Éric Vuillard

Le Goncourt et le Renaudot à des récits sur le nazisme

Est-ce un effet de la montée des populismes ? Les jurés du Goncourt et du Renaudot ont choisi lundi d’attribuer leur prix à deux récits saisissants qui reviennent sur la montée du nazisme pour l’un et la fin misérable d’un des nazis les plus odieux pour l’autre.

Le prix Goncourt, la plus prestigieuse récompense littéraire du monde francophone, a été attribué à L’ordre du jour (Actes Sud) d’Éric Vuillard pour son récit fulgurant sur l’arrivée au pouvoir d’Hitler, l’Anschluss (l’annexion de l’Autriche par l’Allemagne nazie, ndlr) et le soutien sans faille des industriels allemands à la machine de guerre nazie.

Le prix Renaudot a pour sa part été attribué à Olivier Guez pour La disparition de Josef Mengele (Grasset), un récit hallucinant sur les dernières années du médecin tortionnaire d’Auschwitz, Josef Mengele.

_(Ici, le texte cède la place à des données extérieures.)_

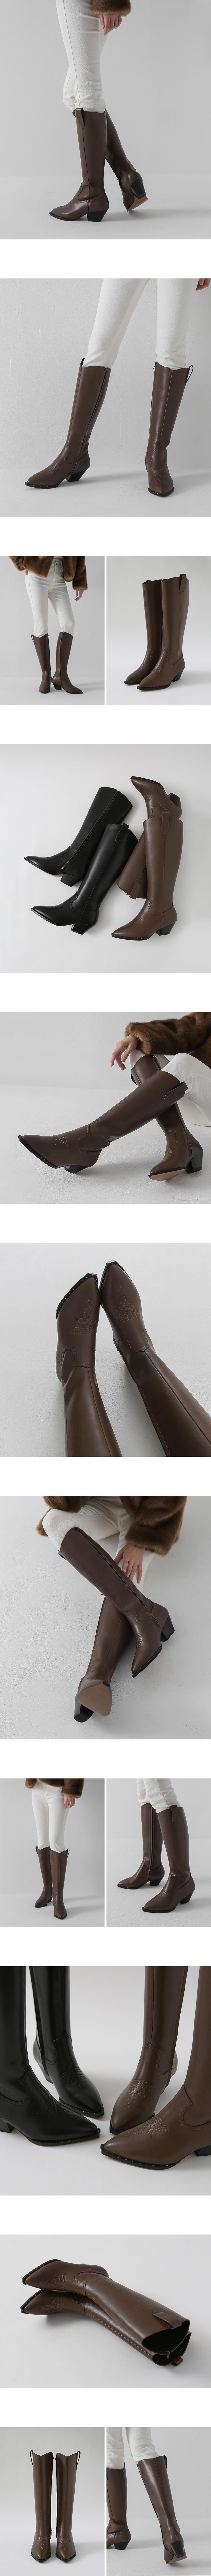 Brotte Stud Western Boots BLLTT4c226

« Pour comprendre certaines choses, nous avons besoin du récit », explique Éric Vuillard, 49 ans, écrivain passé maître dans l’art de démystifier, grâce à la littérature, des faits historiques. « La littérature et l’histoire ont toujours eu des rapports endogames », souligne-t-il.

La fin du récit sonne comme une mise en garde pour le temps présent. « On ne tombe jamais deux fois dans le même abîme. Mais on tombe toujours de la même manière, dans un mélange de ridicule et d’effroi. »

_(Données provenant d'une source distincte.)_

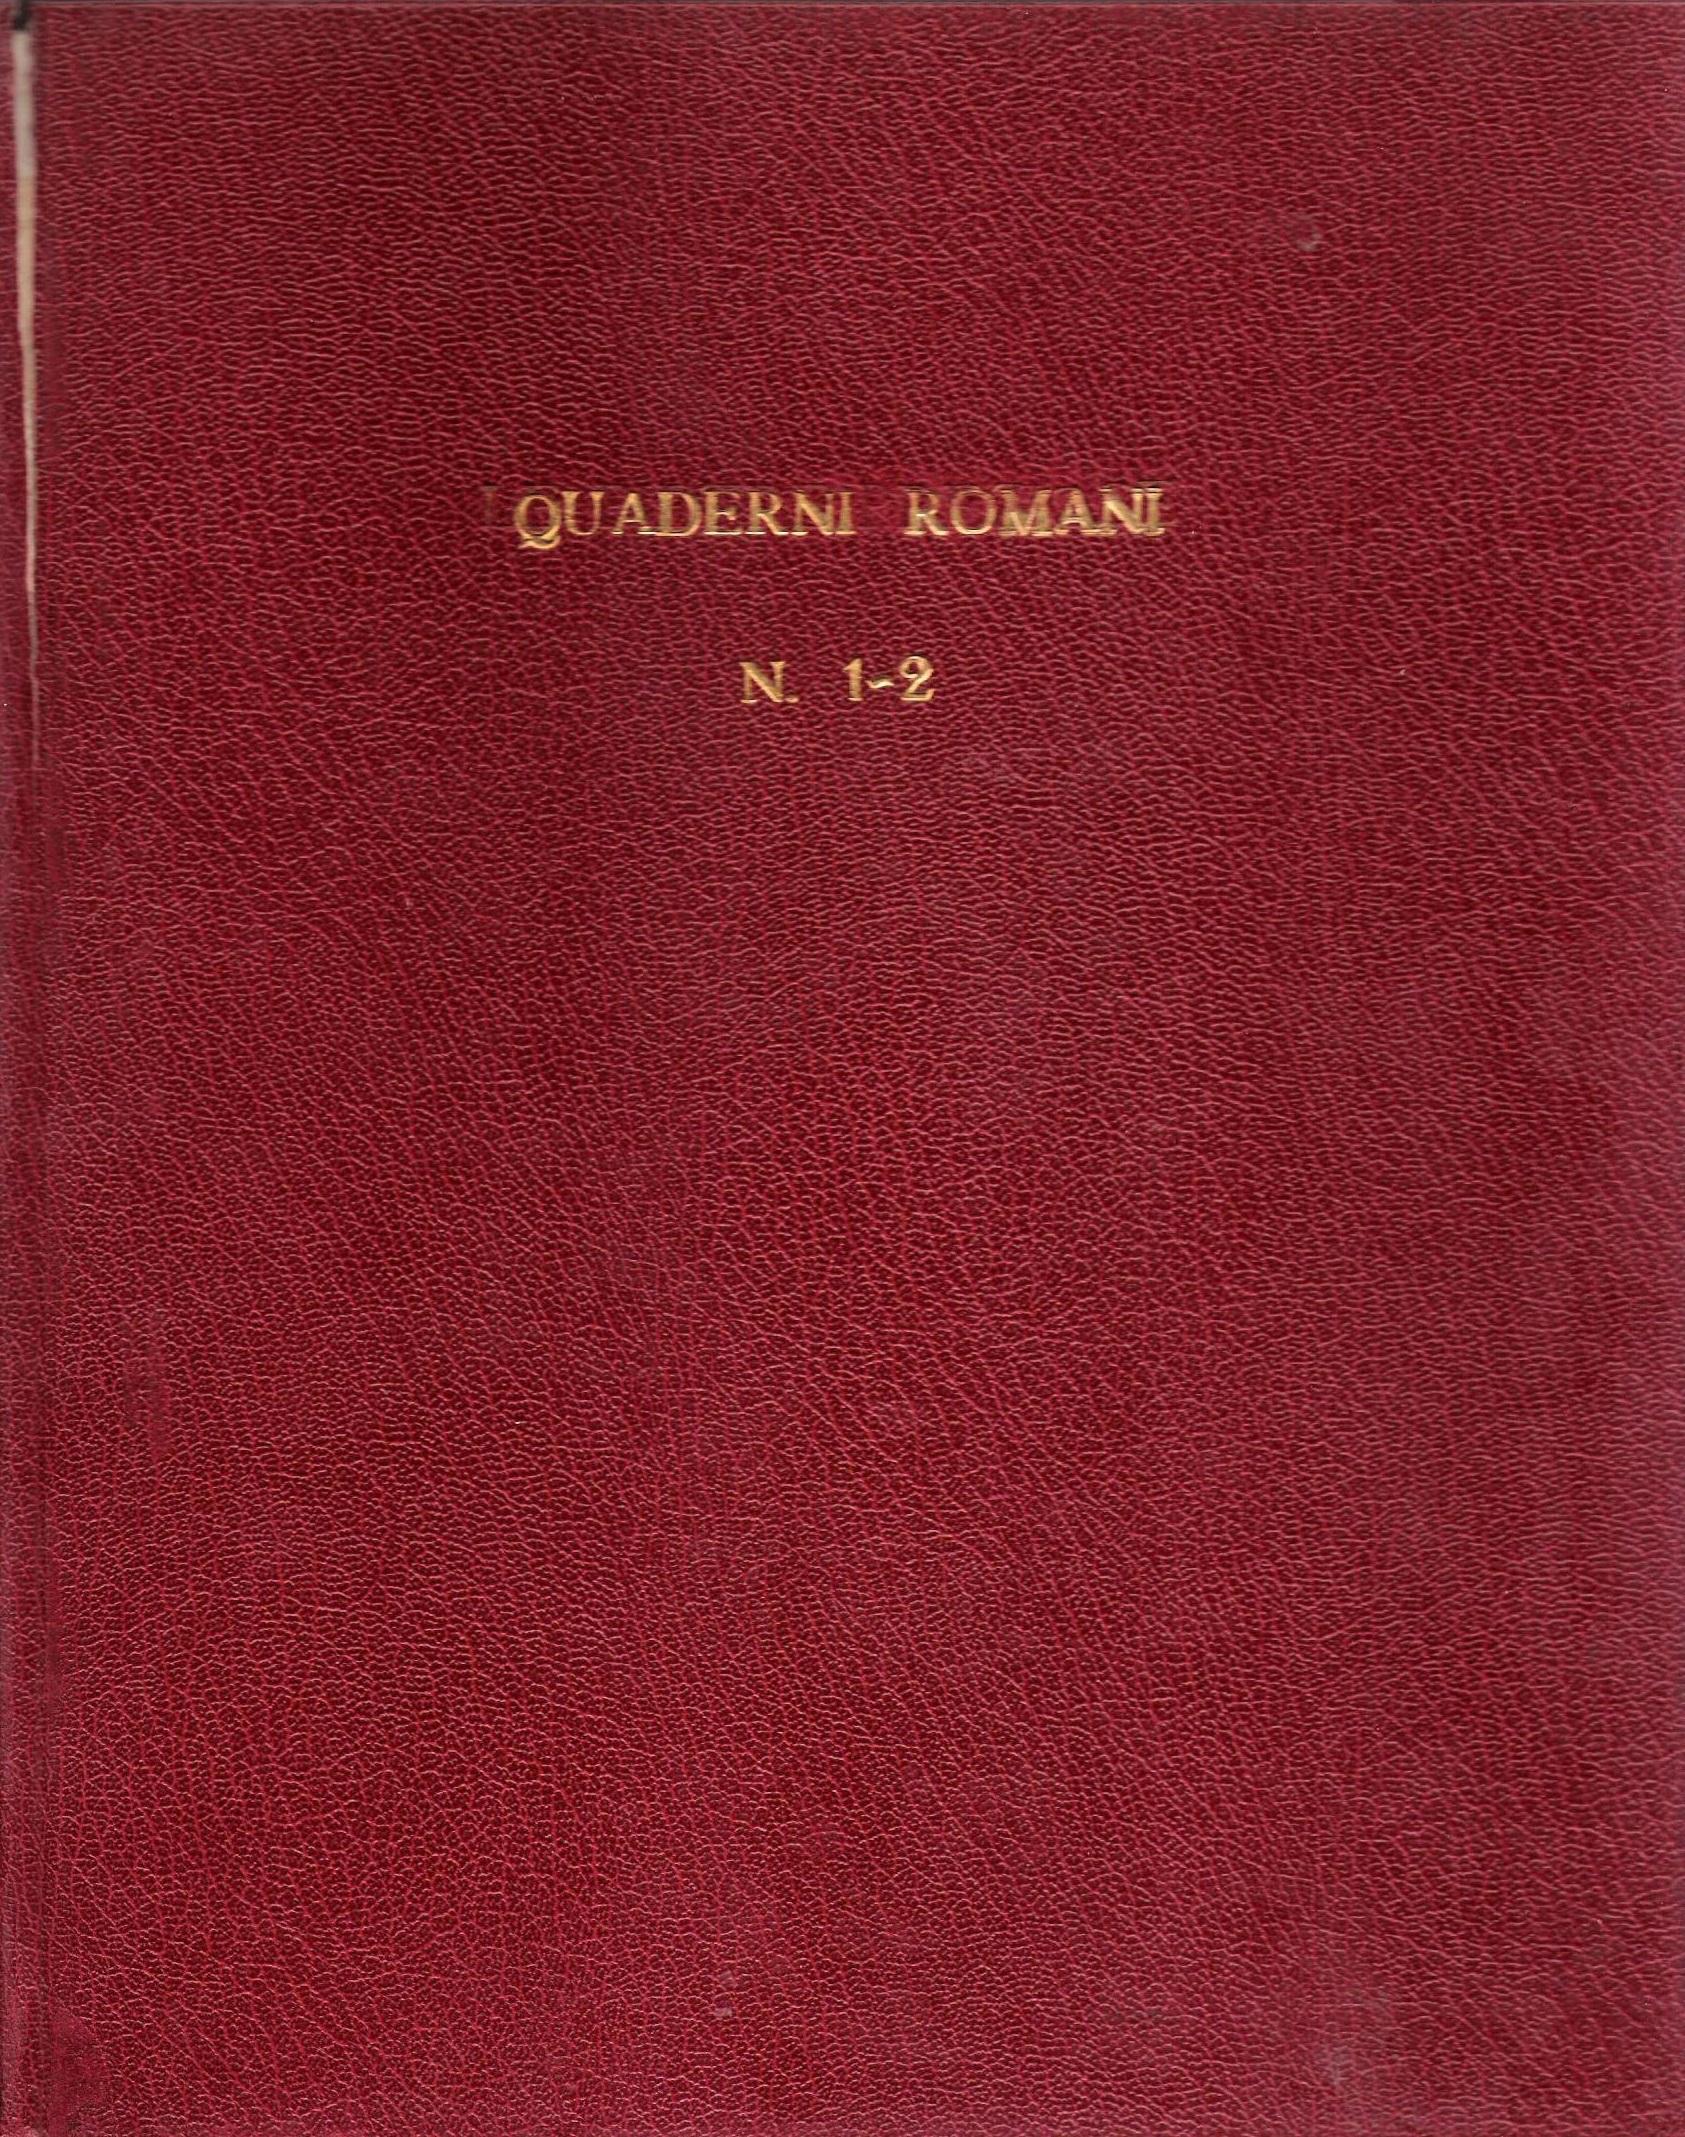 000 rivista quaderni romani1broshure art Abbate

Le président de l’académie Goncourt, Bernard Pivot, a reconnu avoir été impressionné par ce texte d’une écriture à la fois simple et sidérante. « Le livre est une leçon de littérature par son écriture et une leçon de morale politique, a-t-il reconnu. L’ordre du jour montre qu’un groupe d’hommes, pas très nombreux, peut arriver, par l’intimidation, en comptant sur la veulerie des autres, le bluff et la brutalité, à circonvenir un pays et à déclencher plus tard une catastrophe mondiale. »

Des quatre finalistes du Goncourt, Éric Vuillard était le seul dont le livre n’a pas été publié à la rentrée d’automne. Autant dire qu’il était loin d’être le favori. Avant lui, seule Paule Constant (aujourd’hui membre de l’académie Goncourt) avait reçu le prestigieux prix avec un livre, Confidence, publié au printemps. C’était en 1998.

Le prix Goncourt est doté d’un chèque de dix euros, mais l’enjeu est autrement plus important. Un roman primé s’écoule, selon les cas, de 200 000 à 500 000 exemplaires.